Lehigh and Rice universities have launched the Consortium for Enhancing Resilience and Catastrophe Modeling (CERCat), bringing together researchers, industry leaders, and public-sector innovators to advance the science of catastrophe modeling and improve how communities prepare for and respond to disasters.

By uniting academic research with industry and government expertise, the consortium aims to strengthen catastrophe modeling tools and translate new insights into practical solutions that support disaster resilience.

“Catastrophe modeling is at the heart of ensuring safer, more resilient communities,” says Jamie Padgett, CERCat deputy director and professor and chair of civil and environmental engineering at Rice. “CERCat provides a much-needed bridge between academia and industry stakeholders in the broader risk, resilience, and cat modeling space. By combining the intellectual capital of our universities with the expertise of industry and government, we can advance the field and deliver insights that directly benefit industry and society.”

CERCat held its inaugural industry advisory board meeting in August 2025 with representatives from member companies. The board—drawn from insurance and reinsurance firms, catastrophe modeling vendors, and engineering and consulting companies—will help shape the consortium’s research agenda.
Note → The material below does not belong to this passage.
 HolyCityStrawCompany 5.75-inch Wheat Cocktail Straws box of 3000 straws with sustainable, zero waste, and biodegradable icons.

Early projects prioritized by the board focus on developing tools that either do not exist or fall short of current needs. One effort centers on multihazard fragility curves that model how buildings perform under overlapping threats such as hail and wind, capturing compounding effects that better reflect real-world risk than traditional single-hazard approaches do. 

The consortium is also creating the wildfire fragility curves for residential buildings using past event data to fill a major gap in risk modeling. Similarly, a project to link climate variability to localized tropical cyclone hazards will provide community-level insights, moving beyond the broad, coarse models available today.
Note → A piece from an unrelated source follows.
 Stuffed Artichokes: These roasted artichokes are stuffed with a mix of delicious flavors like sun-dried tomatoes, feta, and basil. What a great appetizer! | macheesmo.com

Additional priorities include using artificial intelligence and remote sensing to accelerate post-disaster damage assessment, replacing slow, manual methods with faster, more accurate tools. Researchers will also work to improve modeling of the joint probability of hazards during hurricanes by moving beyond stationary assumptions and accounting for a changing climate.

“This consortium is not just about advancing models—it’s about advancing their practical applications,” said Paolo Bocchini, CERCat director and a professor of civil and environmental engineering at Lehigh. “Our work has the potential to improve everything from insurance frameworks to building codes to how communities plan for recovery. The insights we generate here will translate into better risk communication, safer infrastructure, more efficient disaster response and more resilient economies.”
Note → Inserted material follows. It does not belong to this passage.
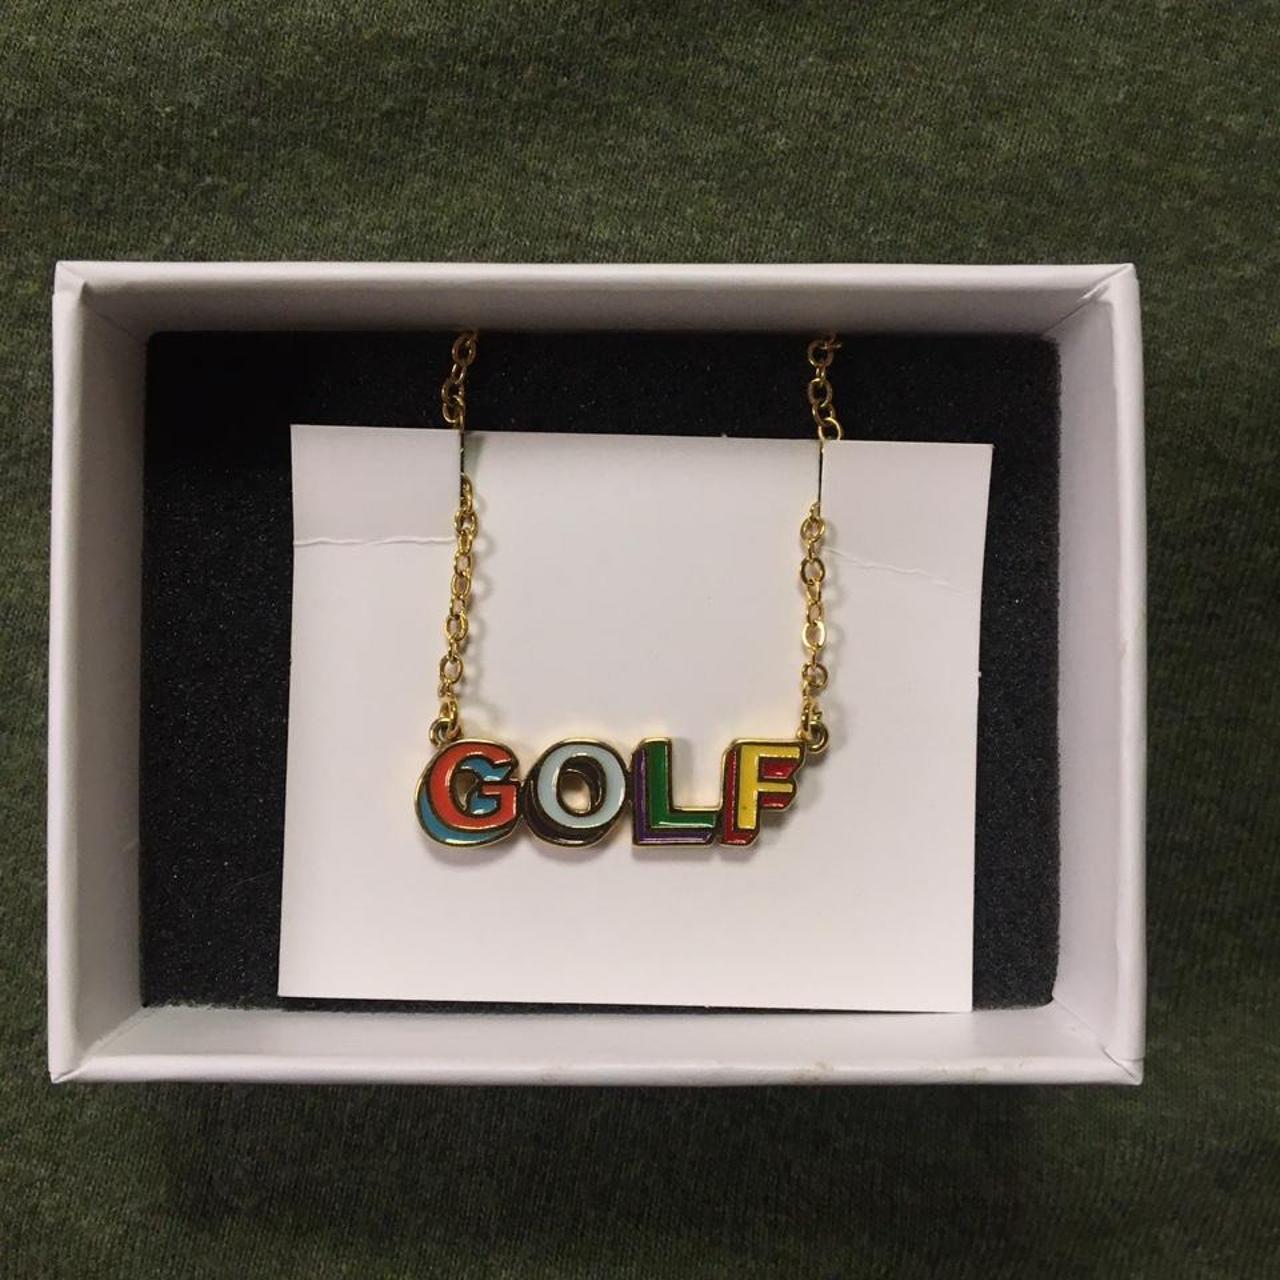 Golfwang 3D Logo Necklace: Perfect condition with... - Depop

CERCat brings together 18 interdisciplinary faculty experts from civil engineering, statistics, Earth sciences, mathematics, computer science, social sciences, and public policy. The consortium will also engage students and postdoctoral researchers to foster the next generation of leaders in risk and resilience.

Collaborating institutions include Columbia University, Florida Atlantic University, Missouri University of Science and Technology and Washington State University, expanding the reach and impact of the consortium’s work.